Blue barrels of bombs and lists, prison guards imprisoned, tax call center, Abkhaz border probs, video destruction, Venice slam, Bakradze on UNM pres, Tbl Sakrebulo flight, UNM Pole bolts, High Council election, Alasania ups death payment, Vano’s TV, Chechens arrested, ag loan mess, dual citizens, Batumi mayor, TenderMonitor.ge, Kutaisi Nigerian, UNESCO boots Bagrati, Patriarch wants frequency, Basil anti-Jehova. Microsoft on piracy, Funicular restaurant opens, Yerevan train, human chain re higher ed law, Viennese Taburetka, Beselia on human rights, fertilizer

3 thoughts on “TBLPOD20june2013

  1. Georgia’s fertiliser use is low by world standards. Only 40% of farms use any fertiliser at all, and only 4% of farms use fertilisers other than Georgian-manufactured Ammonium Nitrate (a nitrogen fertiliser made with Russian natural gas in Rustavi). SOCAR are establishing another nitrogen fertiliser factory on the Black Sea coast, producing solid urea from Azeri gas, but most of this will be exported.

    Use of non-nitrogenous fertilisers is now well accepted in most modern farming sectors, including not only Potassium and Phosphate but other nutrients like Magnesium, Sulphur, Copper, Boron and Zinc, all of which are required by plants for good plant health, development and productivity, and these are frequently deficient in Georgian soils.
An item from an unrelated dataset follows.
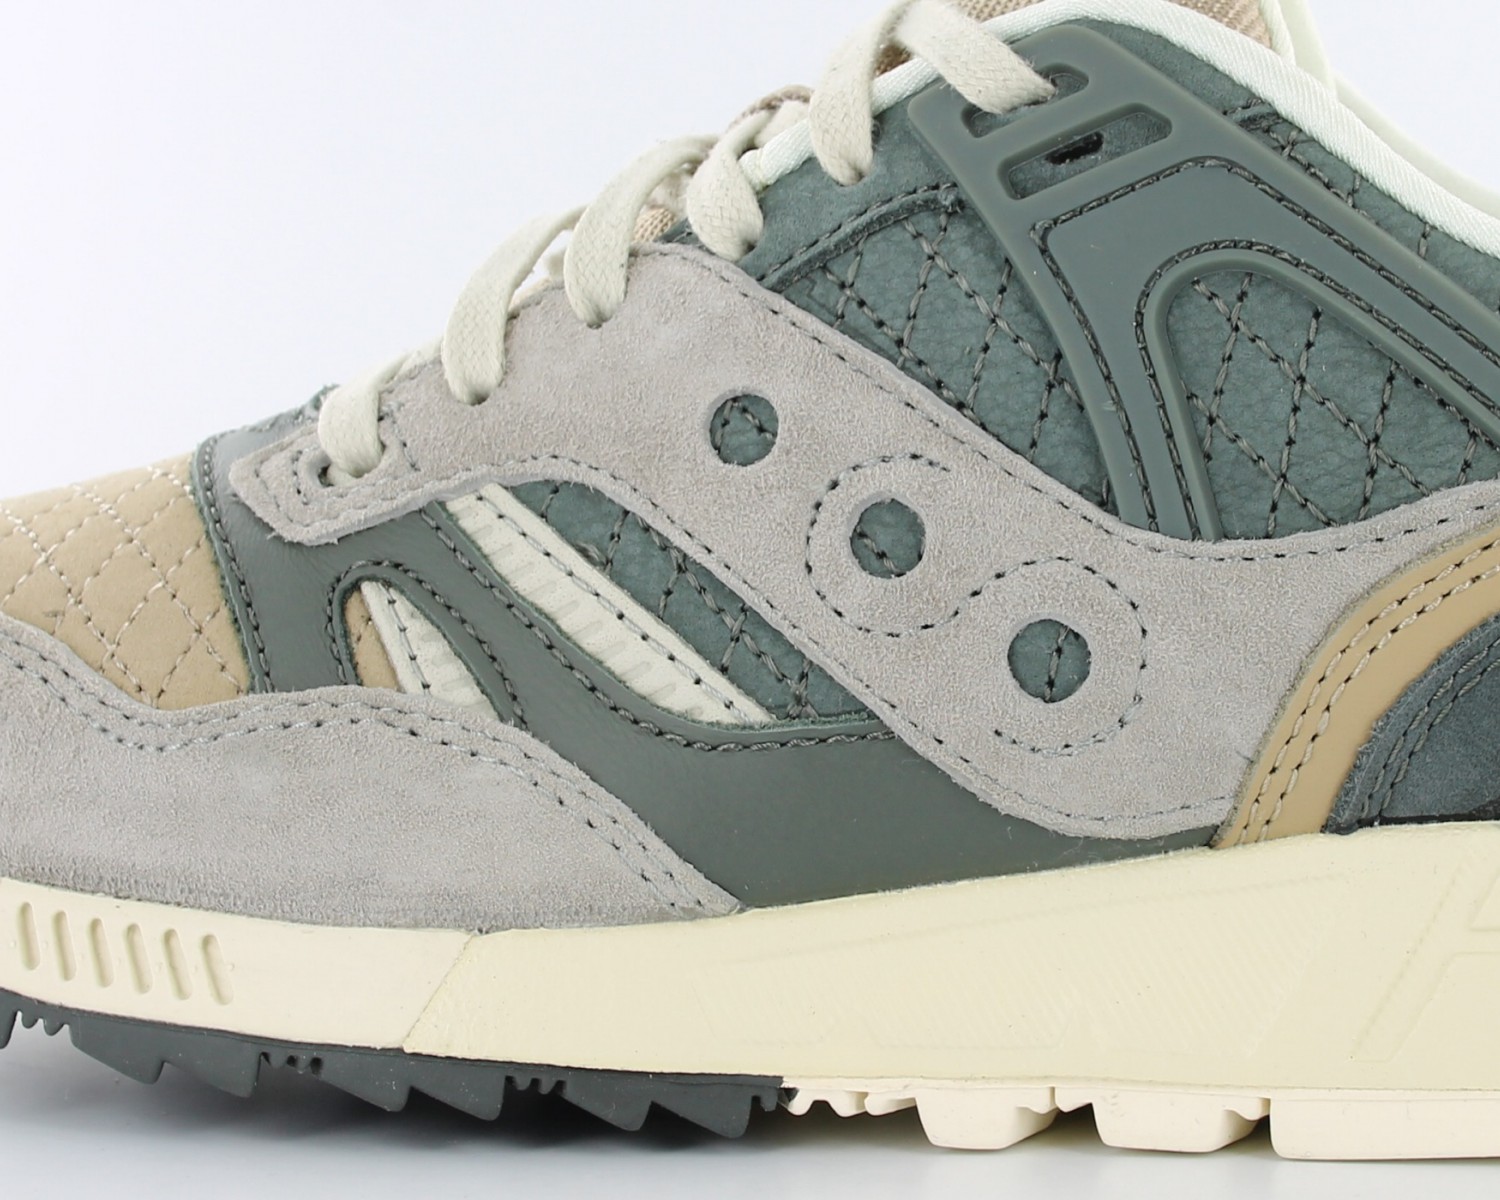 saucony grid sd quilted grey light tan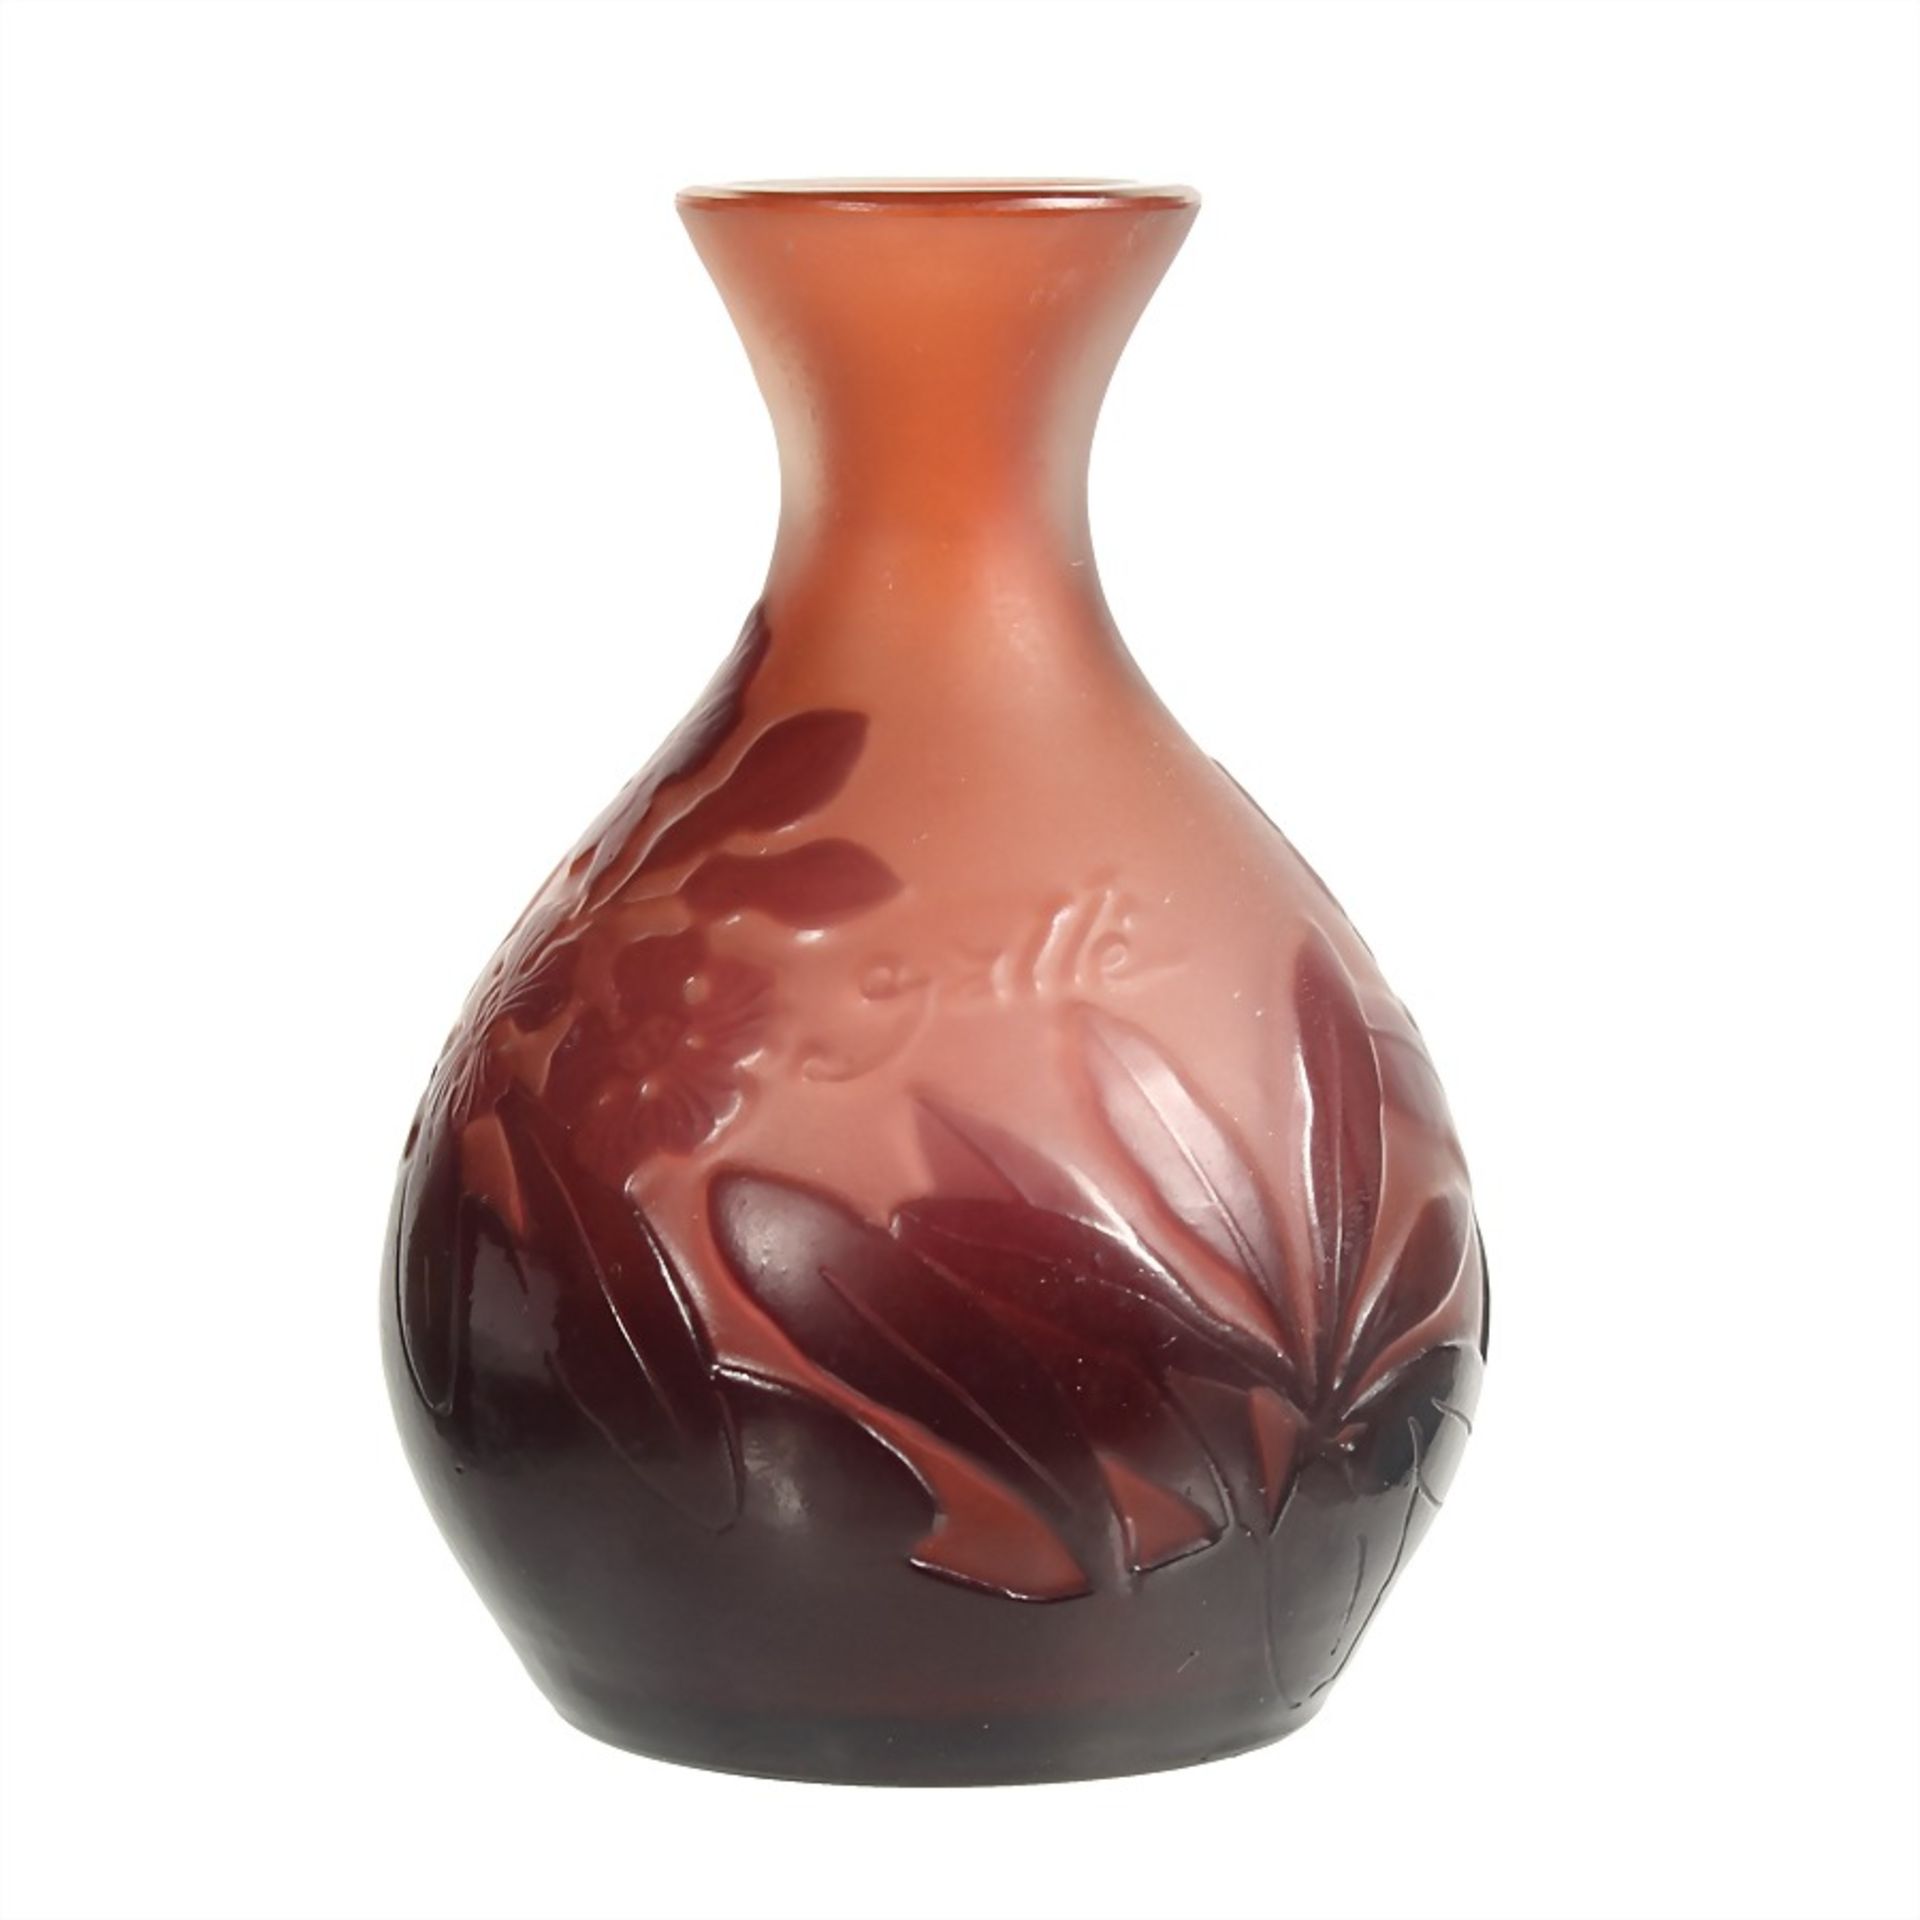 small GALLÈ vase around 1910, signed Gallé, partial etched and polished, height = 8.7 cm, diameter =

    The poor adoption of modern crop nutrition by Georgian farmers is partly attributable to lack of operating capital, partly due to risk aversion and a reluctance to tie up “too much” operating capital in a crop, and partly due to lack of experience and understanding. Modern potato farms run in Kvemo Kartli and Samtske-Javakheti by Georgian investors and modern cereal cropping properties owned by South Africans in Sartichala and Gardabani are starting to demonstrate the true productive potential of Georgian farming when modern nutrition and crop care is used, and neighbours are enquiring how to improve their yields using these techniques.

    While some soils in Georgia are of high fertility, after years under crop they will eventually become depleted of nutrients, yield and quality parameters of crop will fall, and the plants will need nutritional supplementation. This is the same everywhere in the world; you cannot “mine your soils” for nutrients indefinitely without replacing what you have removed. Soils in many mountain districts, many regions in Georgia’s west and parts of southeastern Georgia are objectively of low fertility and it is difficult to generate an economic return without appropriate modern plant nutrition methodologies. Acid soils in the Black Sea regions impair the ability of plants to absorb nutrient from soils and result in higher fertiliser requirements per hectare than in pH neutral soils.

    Those Georgian farmers obtaining yields within 20% of European norms are all practicing some version of modern crop nutrition, using solid or liquid chemical fertilisers in a responsible manner. The very high cost of soil and plant tissue testing in Georgia is forcing them to send samples abroad by airfreight to get cost-effective recommendations on how much fertiliser to apply to achieve a target yield of crop.

  2. I today had the chance to see Giga Bokeria, David Bakradze and Gigi Ugulava speak at an European People’s Party event in the European Parliament. The event was reasonably well attended about 70-80 people. Mainly assistants and interested staff I spotted a few Members of Parliament. The three performed very professionally underlining the UNM’s acceptance of their election defeat last year, whilst pointing out their in their eyes unfair treatment through the GD government. The striking thing was that Bakradze, when complaining about Merabishvili’s fate, obviously and very, very carefully avoided to state if he personally thought Merabishvili was innocent of the claims made against him. Is the UNM or Bakradze distancing himself from Merabishvili?